1 Georg Simmel, "Fashion", International Quarterly, 10(1), October 1904, pp. 130-155, reprinted in American Journal of Sociology, 62(6), May 1957, pp. 541-558. Quotations used here are taken from the October 1904 translation and labelled F.
2 These drives must be "natural" and cannot be sociologically produced because they are asserted to be the cause, and not the effect, of social phenomena.
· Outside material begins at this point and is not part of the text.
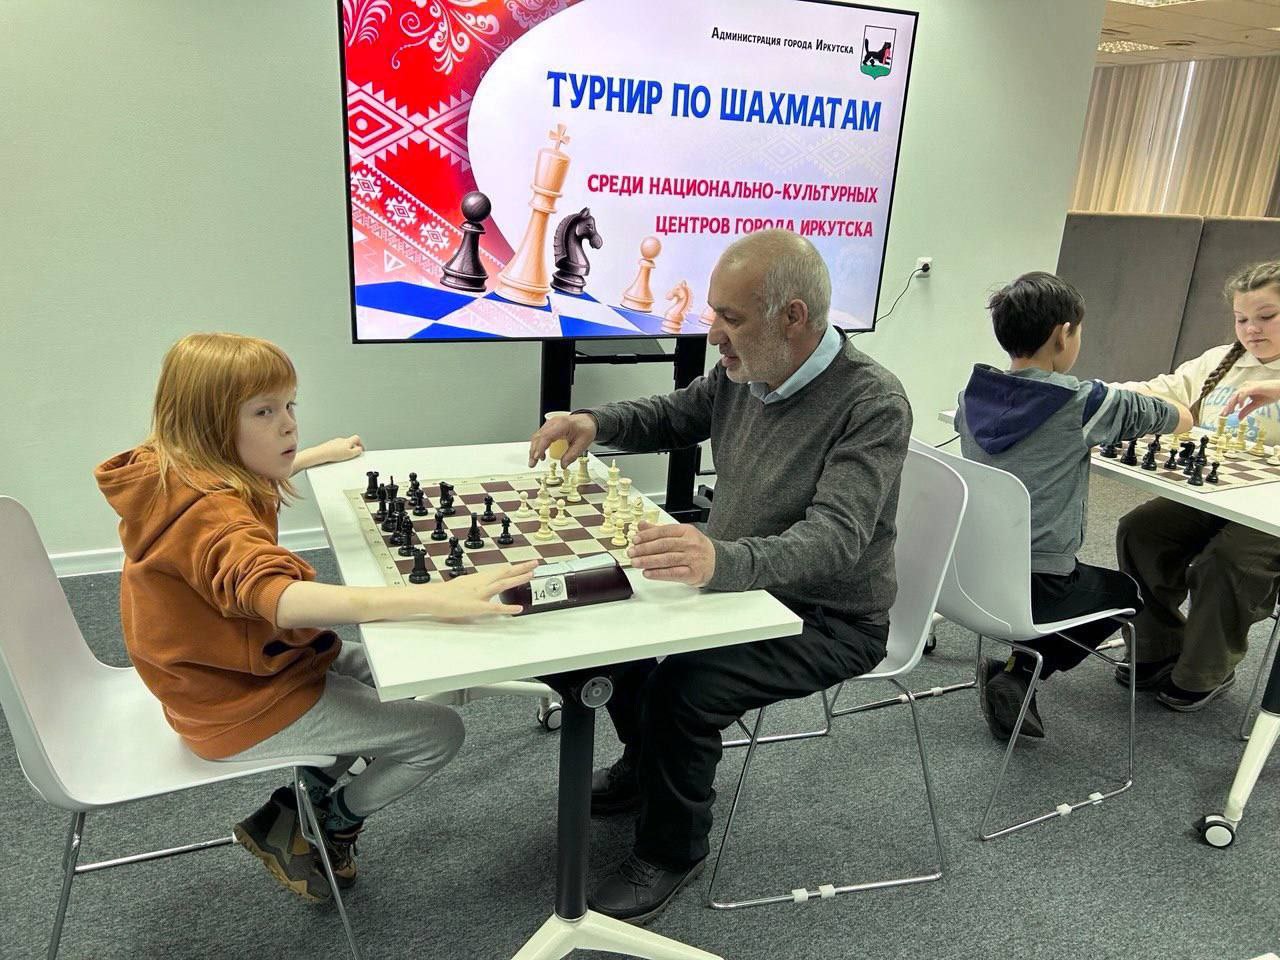 Турнир по быстрым шахматам прошел в Иркутске

3 Veblen was the first to remark, in 1899 (The Theory of the Leisure Class, Modern Library, Random House, New York 1934), that, in a market, what and whether one buys is determined partially by what and whether many others have also bought. In short, demand by the consumer is bound partially to interpersonal effects. On this point, see also: James Duesenberry, Income, Savings and the Theory of Consumer Behavior, Harvard University Press, Cambridge MA, 1949; Harvey Leibenstein, "Bandwagon, Snob and Veblen Effects in the Theory of Consumer Demand", Quarterly Journal of Economics, 64, 1950, pp. 183-207 and Harvey Leibenstein, Beyond Economic Man: A New Foundation for Microeconomics, Harvard University Press, Cambridge MA, 1976; Mark Granovetter and Roland Soong, "Threshold Models of Interpersonal Effects in Consumer Demand", Journal of Economic Behavior and Organization, 7, 1986, pp. 83-99.
4 For the case of Italy, see: C. Tullio Altan, I Valori Difficili, Bompiani, Milano, 1974; L. Ricolfi and L. Sciolla, Senza Padri né Maestri, De Donato, Bari, 1980; L. Ricolfi and L. Sciolla, "Fermare il Tempo" in Inchiesta, 54, 1981, pp. 34-43; S. Messina, "I partiti, la Famiglia, il Lavoro: Ecco che Cosa ne Pensano i Giovani", La Repubblica, 17 giugno 1983, p. 6.